# Top non-exclusive royalty free music libraries



## SBK (Mar 26, 2017)

Hi guys, I was wondering because they are hundreds of them..
Which are your top non exclusive music libraries for you?

I know Pond5 and Audiojungle

- Pond5 has non-exclusive 50% share
- Audiojungle on non-exclusive 35% share

This must be pretty useful to share your opinion for non exclusive mostly libraries 
Cheers!


----------



## Desire Inspires (Mar 26, 2017)

Forget Audiojungle. The prices are way too low. Plus you only get 35% of the payout. That is total robbery!

I would go with Pond5 since I can set my prices to a respectable level and get 50% of the payout.

Many of the other sites just don't have enough traffic, pay less than 50%, exclude other libraries, are exclusive only, or have other issues which make them a less desirable option.

I often hear about "so and so made 60K last year from such and such library, so I’m going there!". But you have to look at the whole picture.

Don't just rush and upload your music to sites with low traffic, low payouts, or awful user interfaces. I would say that an easy way to determine if a royalty free site has value is to search for music and make a purchase or two. If you as a customer have a bad experience, just imagine how the composers feel!


----------



## SBK (Mar 26, 2017)

Hey! Are only these two libraries out there with high traffic and have also non-exclusive? There should have been some more for sure, maybe with med traffic at least. ?


----------



## dannymc (Mar 26, 2017)

you could try audiosparx. i've never sold anything there but they apparently get good traffic and some composers do well here clearing 20k a year. imo though there is waaaaaaay too much content on there at this stage and its quality is all over the place. some high quality stuff some really bad stuff that shouldn't be still up there. but its a nice site and the people who run it are very nice and helpful. 

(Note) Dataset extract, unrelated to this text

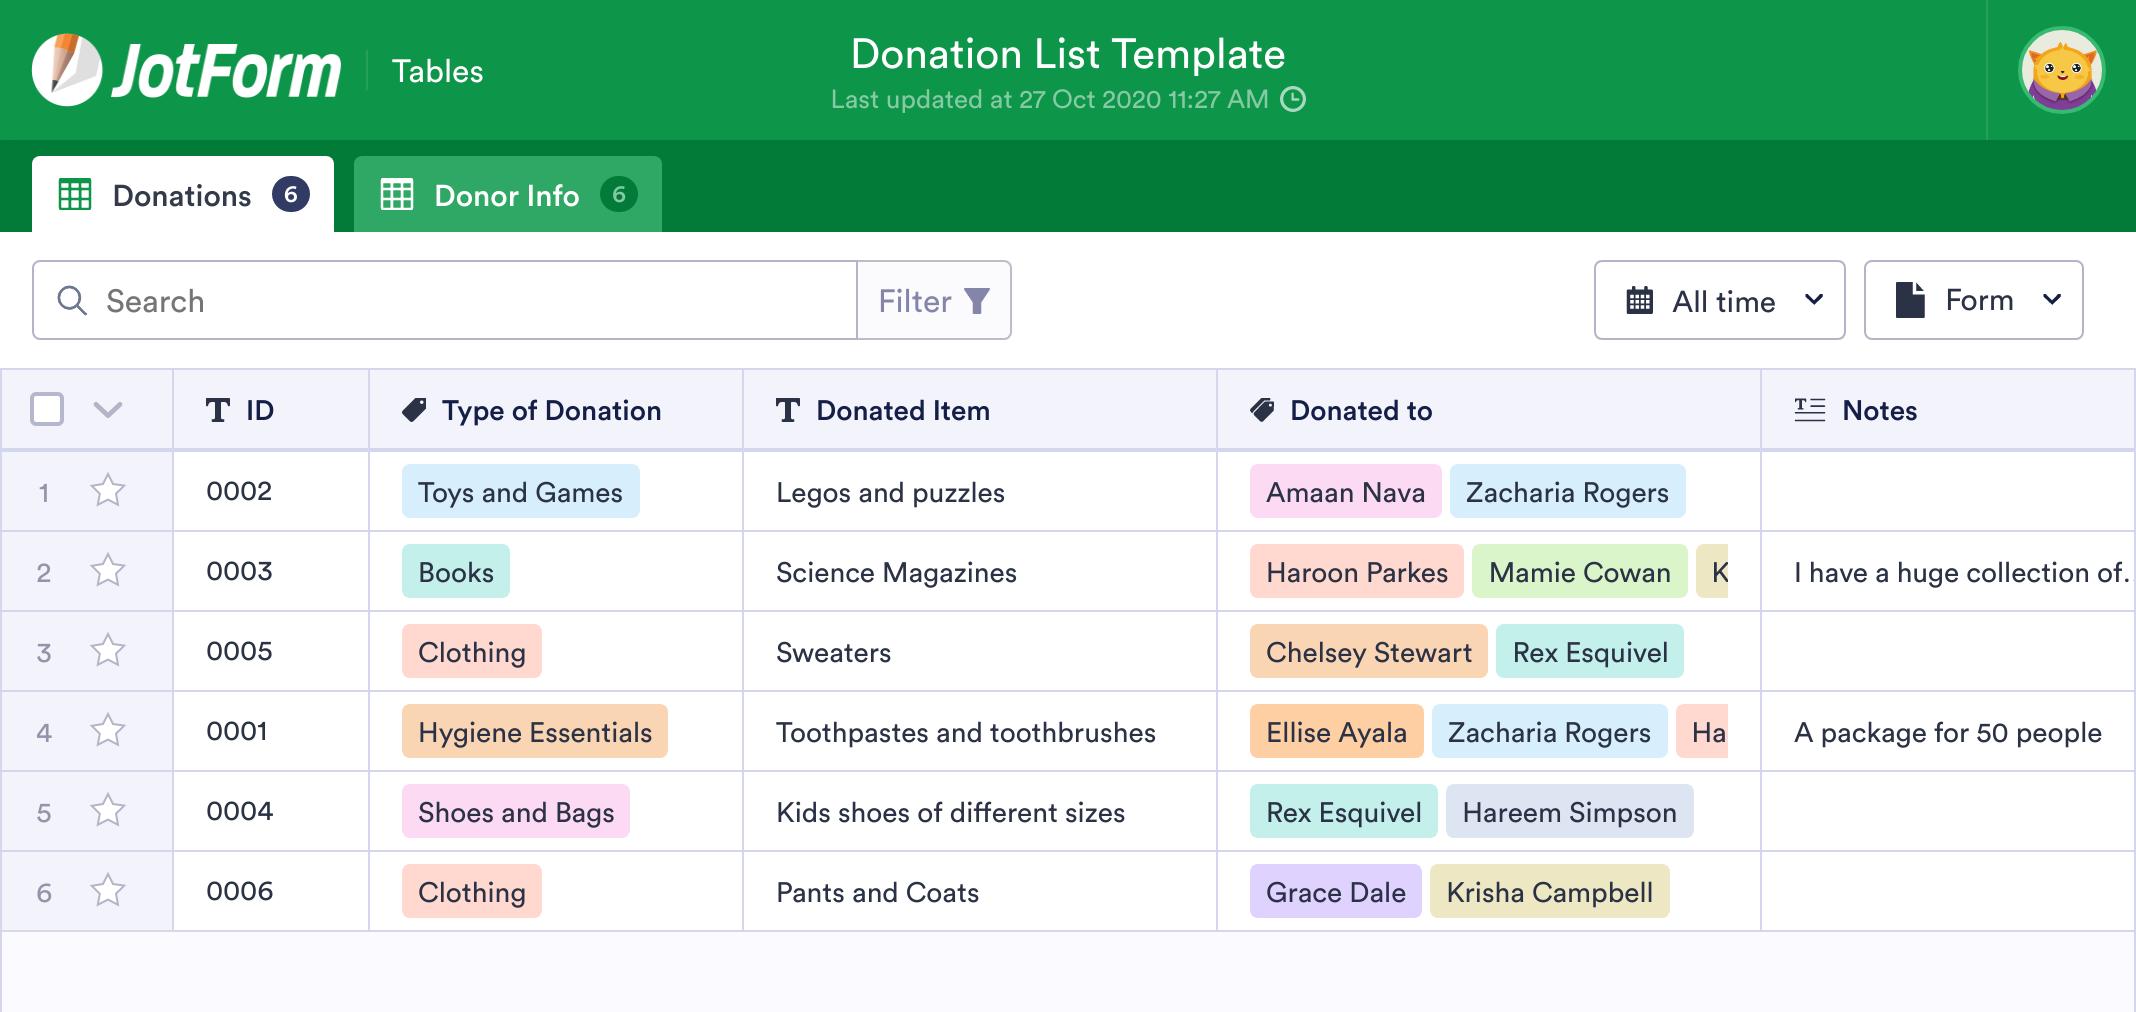 Donation List Template

i would second looking at pond 5 they are a great RF library. 

Danny


----------



## SBK (Mar 27, 2017)

Are there not anymore non-exclusive libraries? I am surprised...


----------



## ghostnote (Mar 28, 2017)

I remember the days where it was unthinkable to mention any of those libraries here on VI Control.


----------



## dannymc (Mar 28, 2017)

> I remember the days where it was unthinkable to mention any of those libraries here on VI Control.



why's that? 

Danny


----------



## Puzzlefactory (Mar 28, 2017)

So how come tracks are sold so much cheaper on AJ? Do they get more traffic?


----------



## zacnelson (Mar 28, 2017)

There's really only 2 sites in the non-excl RF market, P5 and AudioJungle.


----------



## Desire Inspires (Mar 28, 2017)

The royalty free market is just another way for composers to make money from their music. There is nothing wrong with making money from one's music. Don't let the status of a music library fool you.


----------



## Puzzlefactory (Mar 29, 2017)

Looks like musicdealers.com is back up again...


----------



## jacobthestupendous (Mar 29, 2017)

Looking at Pond5 for the first time this morning. I see a lot of comments about long wait times after submission (2 months or more for videos - yikes!); what's a typical submission review time for submitted music?


----------



## Jaap (Mar 29, 2017)

jacobthestupendous said:


> Looking at Pond5 for the first time this morning. I see a lot of comments about long wait times after submission (2 months or more for videos - yikes!); what's a typical submission review time for submitted music?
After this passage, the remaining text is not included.